In the improv world, there’s wonderful space to just explore different sounds, and you’re expanding what you know is possible with your instrument without using electronic effects or something…there are so many sounds to be extracted from a standard drum set, just with your hands and sticks. I love that parameter, ‘how can I get that tone?’ It’s really just messing around… ‘I wonder what happens if I do this.’ Then you learn it, and you learn to control it, and you get that sound in your ear and then you’re playing music.
CW: Do you have any favorite drummers who are known for their improv style?
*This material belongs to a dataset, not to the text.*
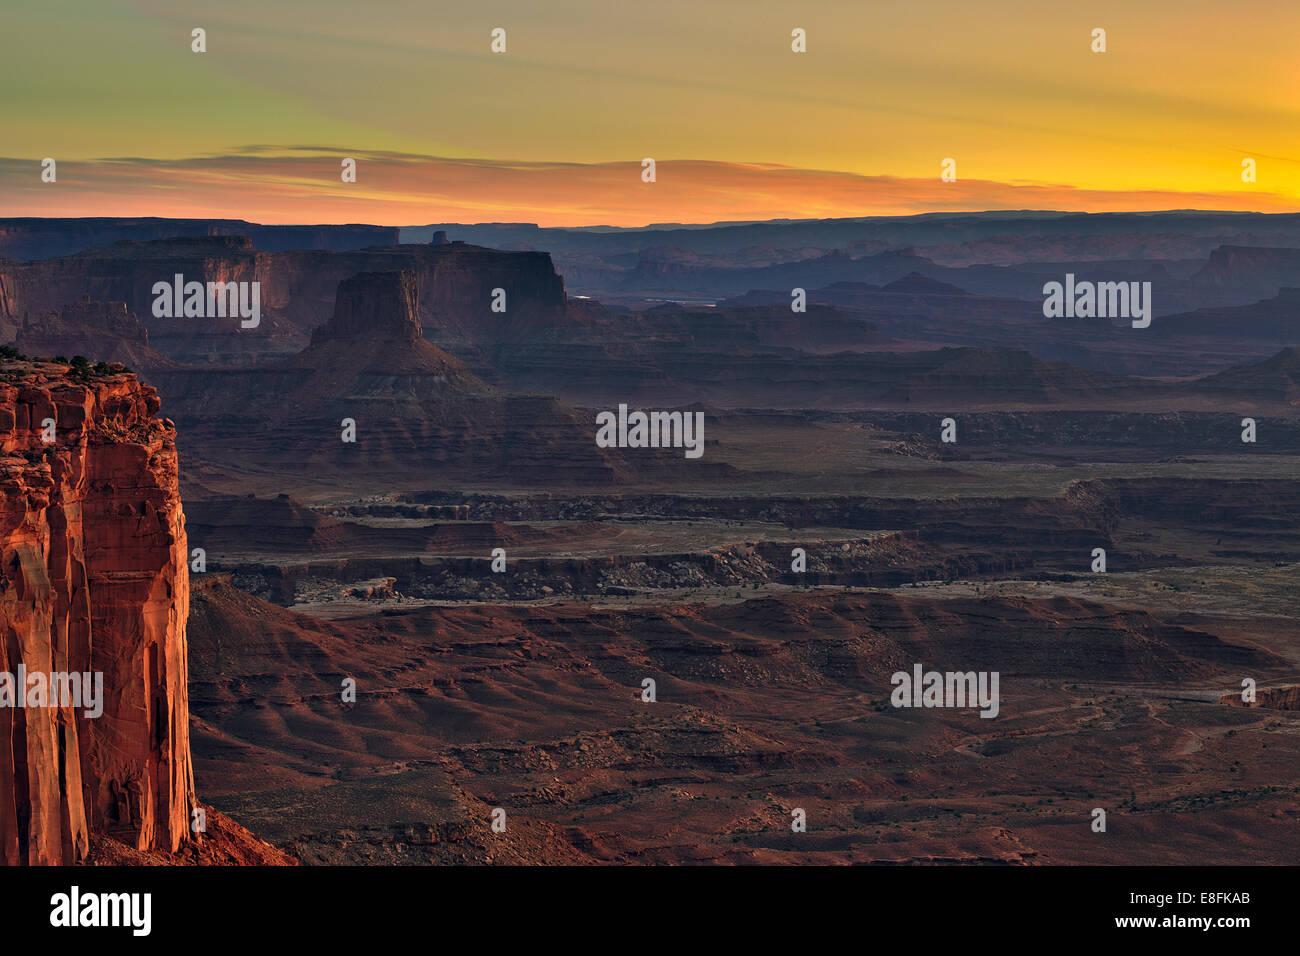 USA, Utah, San Juan, Grand View Point Road, Canyonlands National Park, Blick auf den canyon Stockbild

TP: In New York I’d see Paul Motian play fairly often. He was a huge inspiration to me. You got the sense that he’s one of the deepest, most experienced, most brilliant musicians that we’ve had, and then he also played like he was a child – everything he was doing, he was discovering it for the first time. But simultaneously you felt the depth and weight of his intent. That made a huge impression on me. Andrew Cyrille, Jack Dejohnette and Billy Hart have all been hugely inspirational, particularly in open improvised settings.
CW: How do you limit yourself when it comes to working with so many different artists?
TP: I feel fortunate that I have the option to, at times, work with a number of different people. Especially now that I’m focusing more on my own music, I’m realizing that I need to carve out time in my schedule to just not work for anyone else for a little while, to get a deeper level of thought and listening happening on my own. I can’t just turn it on for two days in between a tour…Right now I want to make sure I do my absolute best with this record that I’m making with Andrew [D’Angelo]. This record at its core is a duet with Andrew, so doing everything I can to honor that collaboration and the music that we made.
With Blake [Mills] we’ve been working on overdubs and we’ve found things to add that are really pleasing to listen to, that feel great, but it’s not the right “great” for our record. It starts to become a different band, so we try to keep the duet at the forefront. The imagery that we’ve been using is that Andrew and I are playing onstage and there’s a whole slew of instrumentalists kind of waiting in the wings around the periphery of the stage, ready to step in and support the moment, and then recede, leaving the two of us again.
CW: Do you plan to perform this music you’re making with Andrew D’Angelo, putting that imagery to work?
TP: Yes, we definitely plan to perform it. It remains to be seen exactly what form that will take. I know that certainly we will work up a strict duo version of the music. It’s possible I might augment my drum set with some sort of pitched percussion, could be pitched gongs or vibraphone, it could be an upright piano to my right, I’m not sure yet. We’ll have to mess around with that.
One thing that I’m excited about in playing this music live is I think we’ll be able to welcome any number of characters into the fold to join us as guests throughout our set, whether they played on the record or not. I think the music is just malleable and welcoming in that sense. Andrew and I are going to know where the music is headed and we can just take some of the musicians along for the ride with us and let them contribute. I think it’ll be really fun.